In her "Introduction," Smyth even offers a fresh take on The Birth of a Nation—talk about a dead horse!—presenting new angles on the film and uncovering pertinent archival documents to introduce her book's governing thesis. She demonstrates how critics objected not only to the film's racial politics, but also and equally to its historiographic practices. These critics were perhaps the first, in our media age, to express concern over the powerful mixing of film and documentary practices of history. And along the way, Smyth offers a devastating critique of that fetish object of 70s film academia: Cahiers du cinema's article on Young Mr. Lincoln, that excruciatingly comical and canonical analysis that no one teaches anymore, still manages to stay in print (what would become of articles like this one were it not for anthologies?).
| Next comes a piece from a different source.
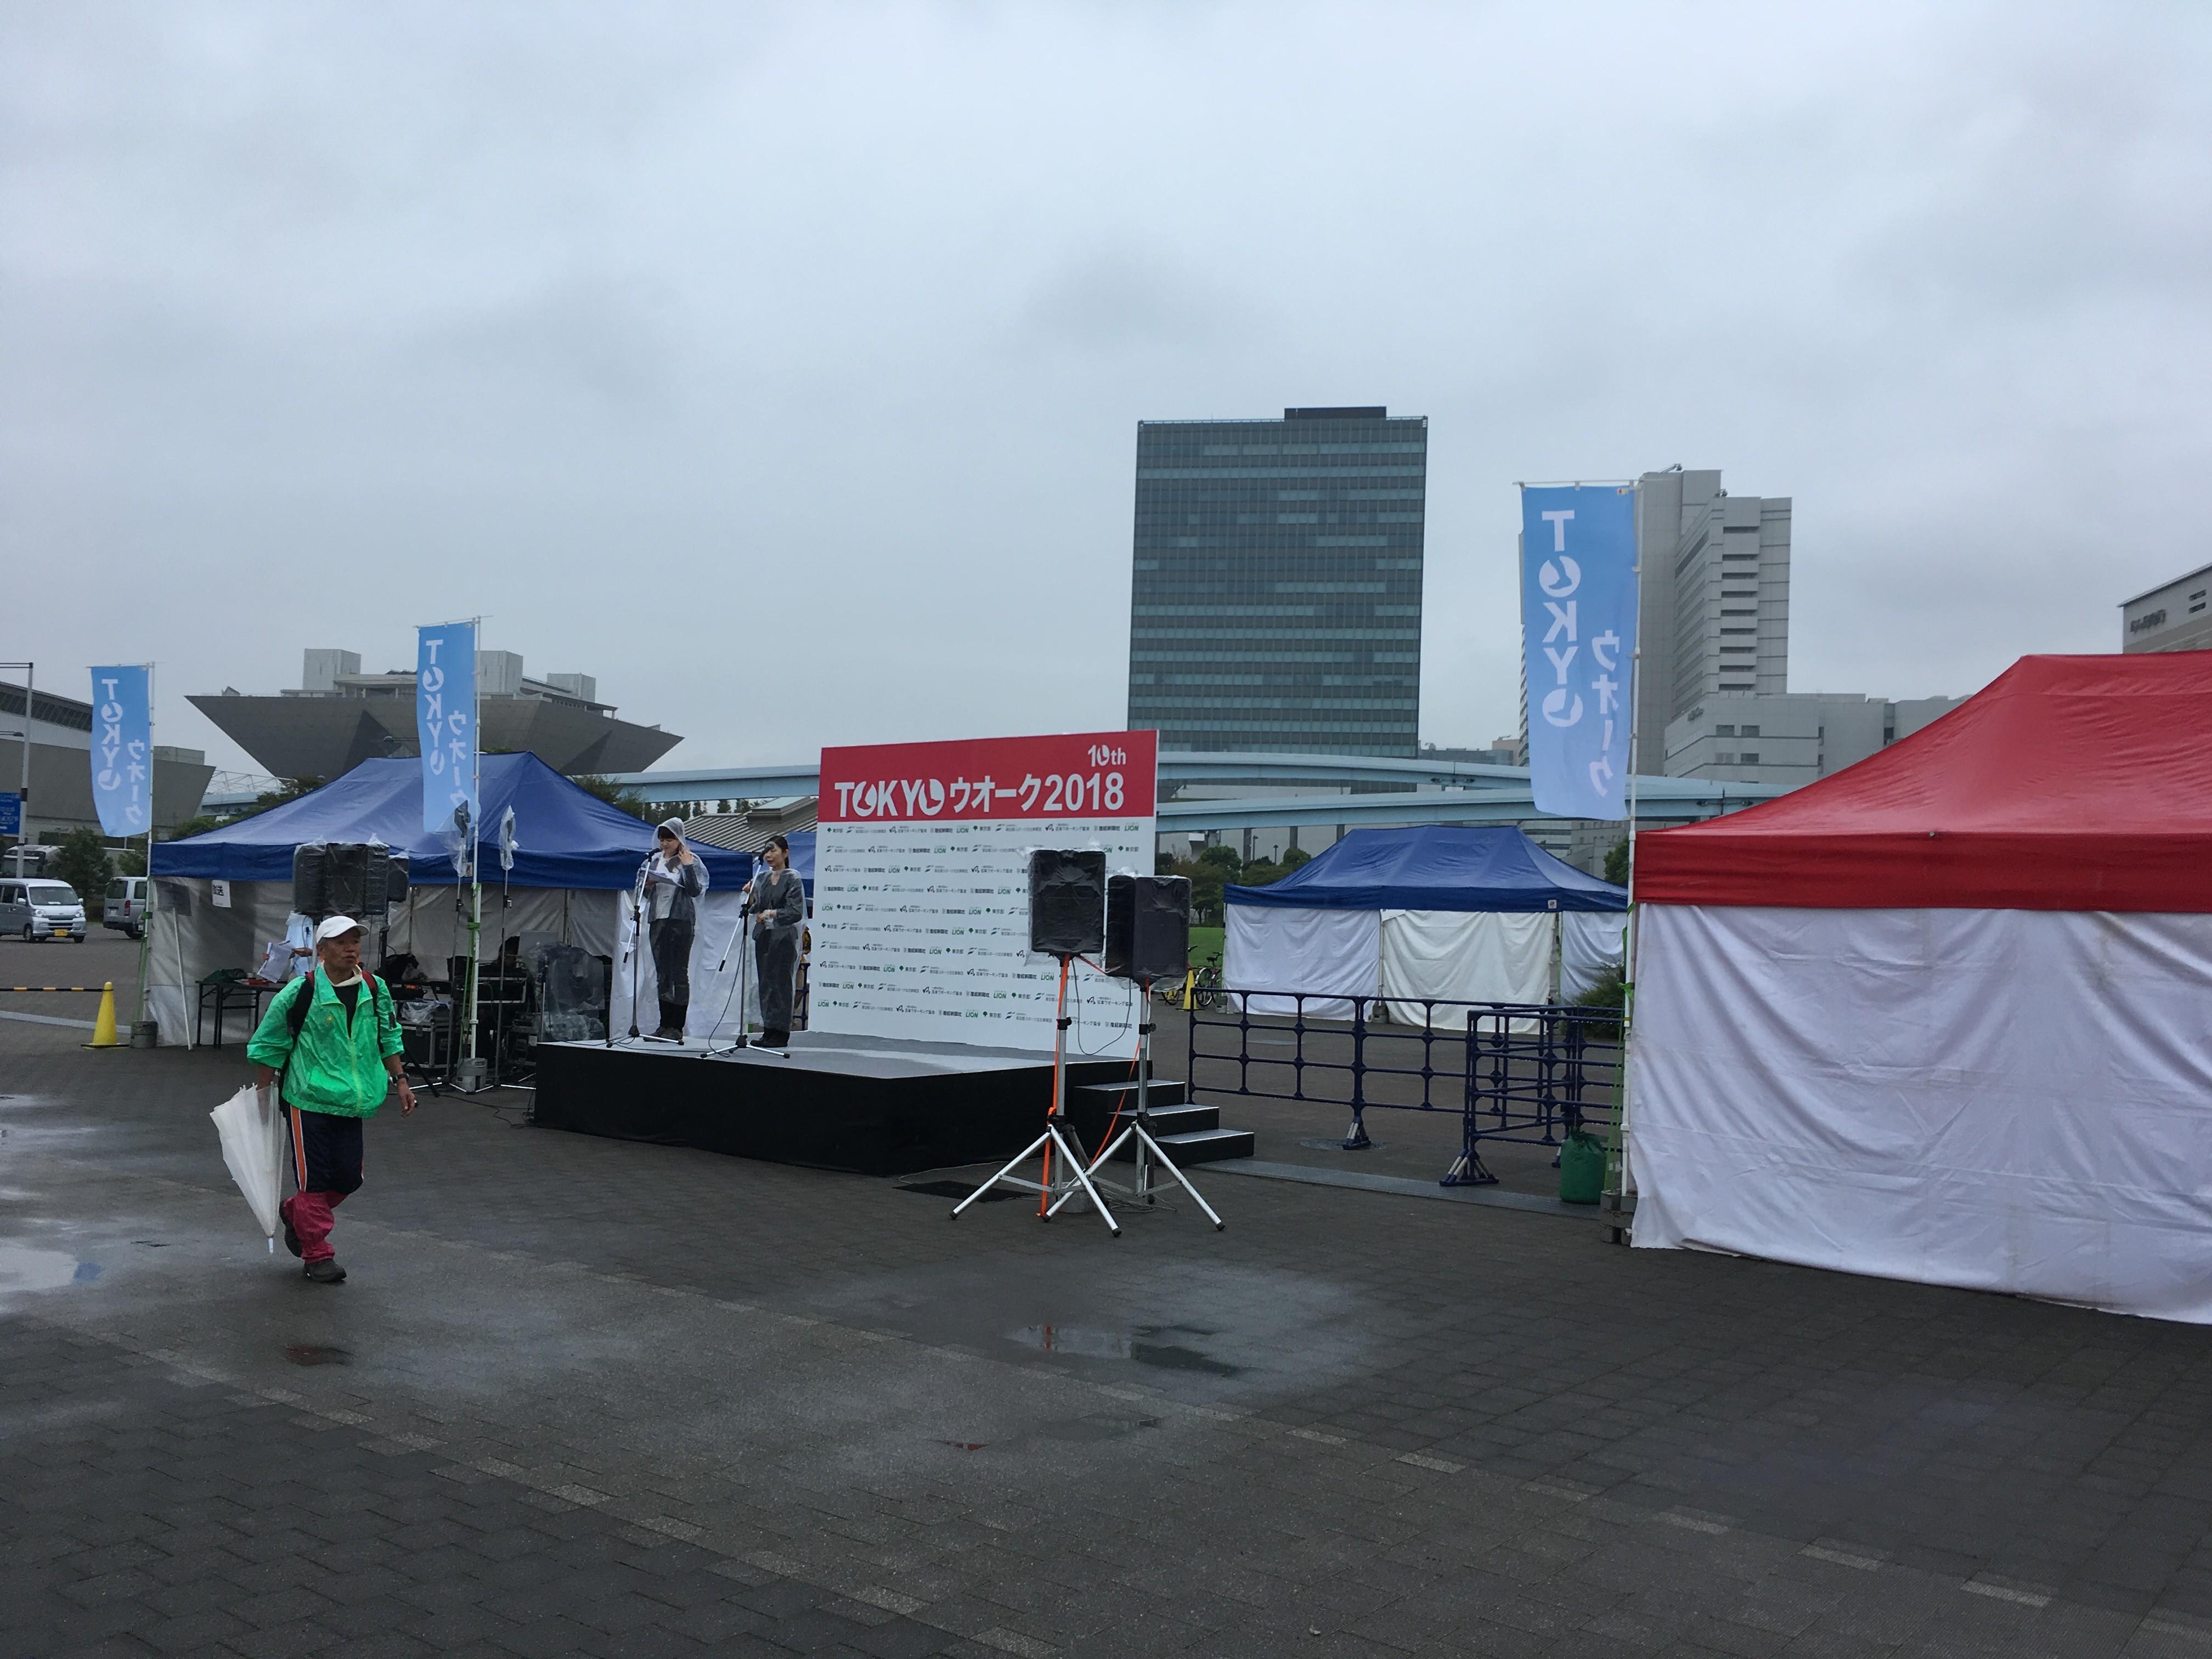 東京臨海広域防災公園(スタート)

Her deft research on the film, its production process, its sources, the construction of the film's screenplay, and its reception, all marked by her rigorous use of memos, drafts, and primary material, makes a mockery of Cahiers' sloppy theoretical mishmash, even if she offers up analytical angles that remain controversial. (Are those Cahiers-semiotics days over? You better believe it. But just as you will find hippies lingering on Haight Street, surely you will still find a small handful of scholars imitating the impenetrable esotericism of Comolli and Company.)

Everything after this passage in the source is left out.